— Да, любовь моя.
— Что-то… плохая новость?
Маман долго смотрит на нее, потом говорит чуть вздрагивающим голосом:
— Нет, не новость. Просто письмо от старого друга, которое шло ко мне слишком долго.
— От дяди Оливье?
— Да, от него. Как ты догадалась, милая?
— О, наверное, потому, что он умер, и это очень грустно.
— Да, очень грустно.
Маман накрывает конверт ладонями.
— А он пишет тебе про Алжир и про пустыню?
— Да, — говорит она.
— Но оно пришло слишком поздно?
— Ничто не бывает слишком поздно, — говорит маман, но ее голос срывается на всхлип.
Од тревожно, ей хотелось бы, чтобы папá был с ними. Она еще никогда не видела, как маман плачет. Маман улыбается чаще всех, кого она знает, не считая Пьера ле Трист. Особенно часто она улыбается, когда смотрит на Од.
— Вы с папá его очень любили?
— Да, очень. И твой дедушка тоже.
— Жаль, что я его не помню.
— Мне тоже жаль.
Маман, как видно, уже овладела собой. Она хлопает по диванчику рядом, и Од с благодарностью подсаживается к ней.
— А я бы тоже любила дядю Оливье?
— О, да, — говорит маман. — И он бы тебя любил. Мне кажется, ты похожа на него.

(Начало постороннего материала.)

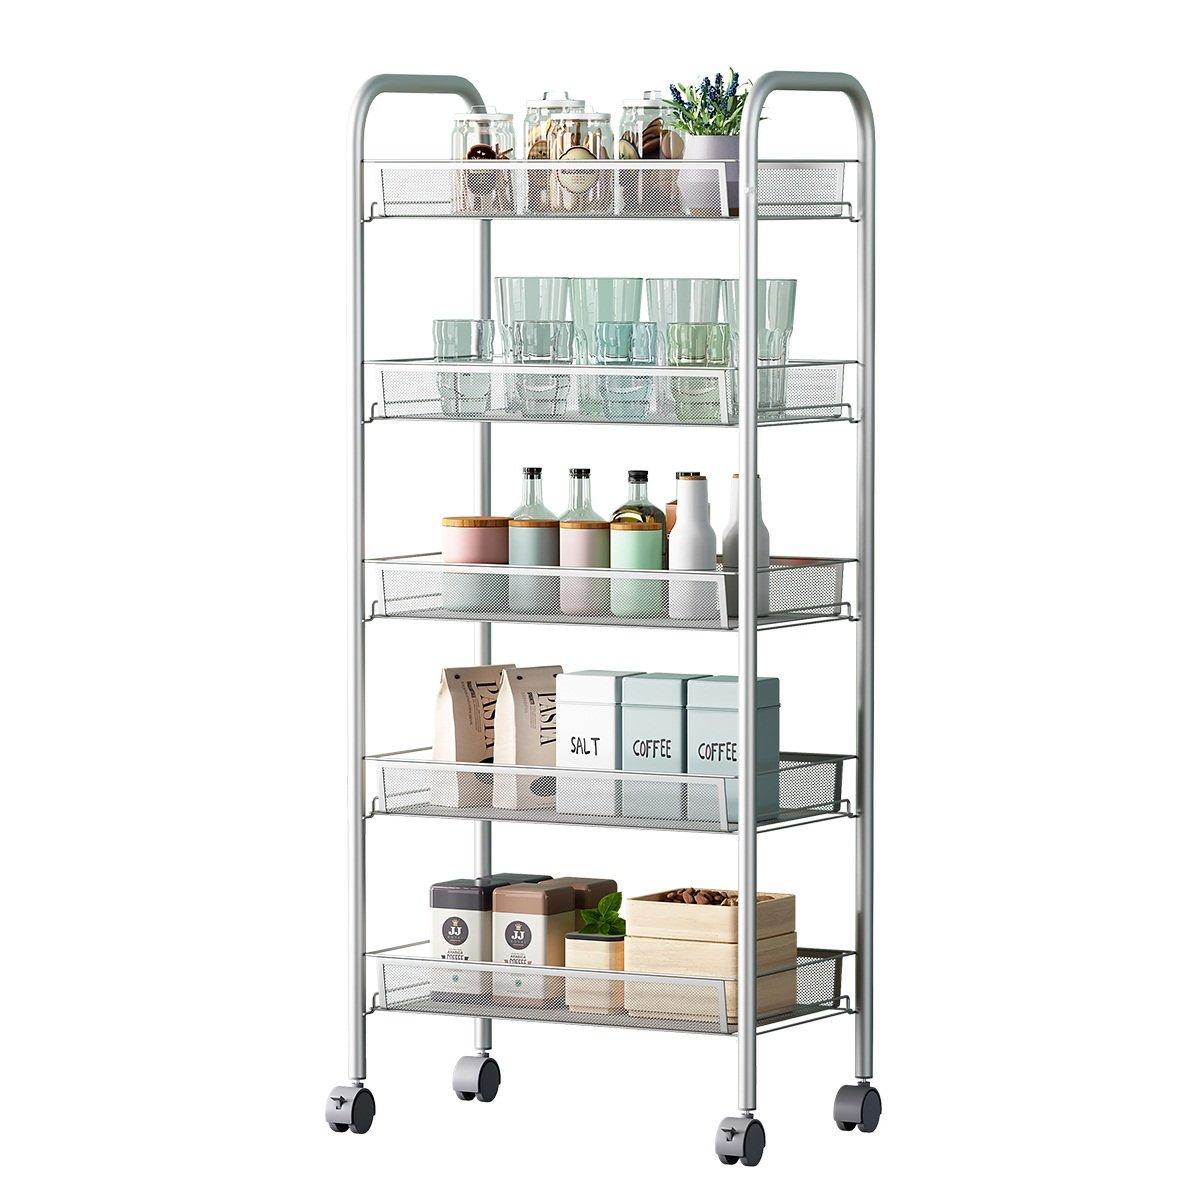 5-Shelf D25.8cm W44.5cm H103cm Silver Steel Storage Rack Basket Shelving Unit Trolley Cabinet Kitchen Island with Caster Wheels WJM46104-5SL

Од нравится быть на кого-то похожей.
— Чем?
— О, в тебе много жизни и любопытства, у тебя умелые руки. — Секунду маман молчит и смотрит на Од взглядом, который та любит и под которым ежится, прямым взглядом бездонных темных глаз. Потом говорит: — У тебя его глаза, любовь моя.
— Правда?
— Он был художник.
— Как ты? Такой же хороший?
— О, много лучше, — отвечает она и гладит письмо. — Он мог вложить в свои картины куда больше знания жизни, а это очень важно, хотя тогда я не понимала.
— Ты сохранишь его письмо?
Од не такая глупышка, чтобы просить, но ей хочется почитать про пустыню.

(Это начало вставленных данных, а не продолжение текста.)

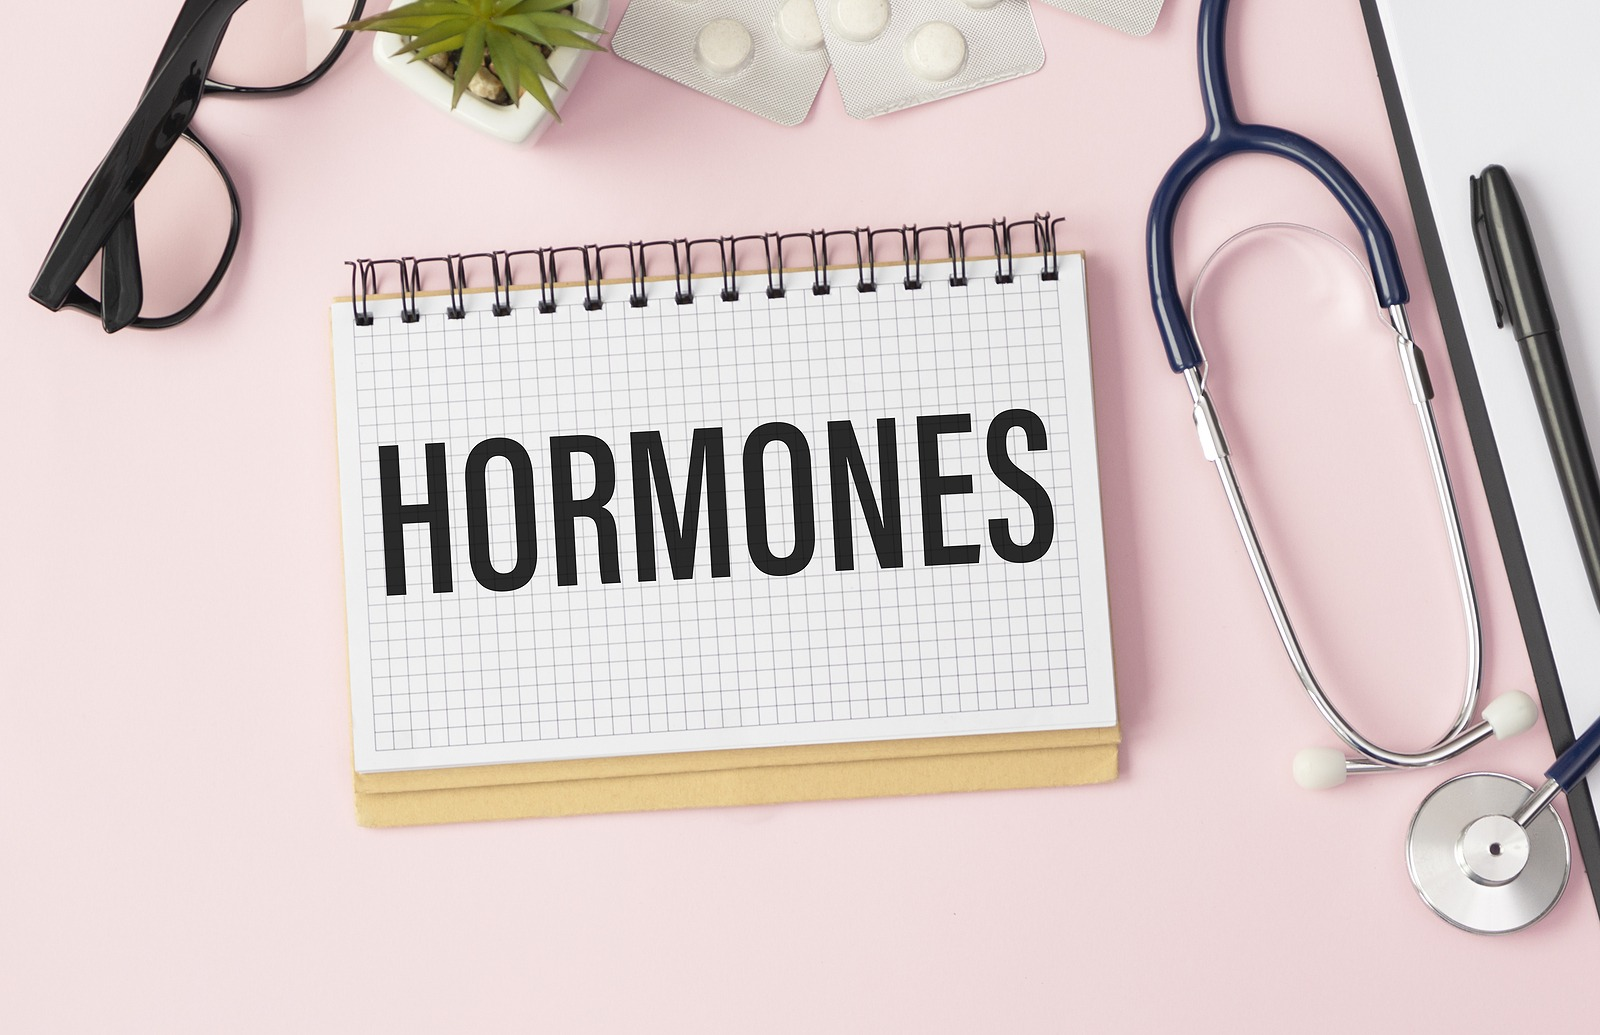 Hormone gegen Haarausfall

— Конечно. С другими письмами. Со всеми письмами, какие могла сохранить. Они будут твои, когда ты станешь старушкой.
— Как же я их тогда получу?
Маман поднимает вуаль и улыбается, треплет Од по щеке рукой без перчатки.
— Я сама тебе отдам. Или обязательно скажу, где найти.
— Тебе нравится, какую мне папá шаль подарил?
Од расправляет ткань на своей белой муслиновой юбке и на тяжелом черном шелке материнских коленей.
— Очень нравится. — Она растягивает шаль, прикрыв ею конверт с незнакомыми штемпелями. — И маргаритки почти такие же милые, как на твоей вышивке. Но не совсем, потому что твои всегда кажутся живыми.
Робинсон сердечно приветствовал меня, когда я вернулся в его гостиную. Он не пытался встать, но был опрятно одет в серые фланелевые слаксы, черный свитер с воротником-хомутом и в синий жакет, словно мы собрались выехать на пикник, а не сидеть неподвижно в его салоне. Я слышал звон посуды с кухни, куда удалилась Ивонна, и чувствовал запах жареного на масле лука.
Он обрадовал меня, сразу заставив пообещать остаться на обед. Я рассказал о визите в музей Мантенон. Он дотошно просил перечислить все полотна, подаренные им музею.
— Недурное общество для Беатрис, — улыбнулся он.
— Недурное… Моне, Ренуар, Вюйар, Писсарро…
— В новом веке ее бы лучше оценили.
Здесь, в его квартире, в окружении книг и картин, остававшихся на своем месте уже пятьдесят лет, где даже цветы, надо думать, были ровесниками Мэри, в новый век верилось с трудом.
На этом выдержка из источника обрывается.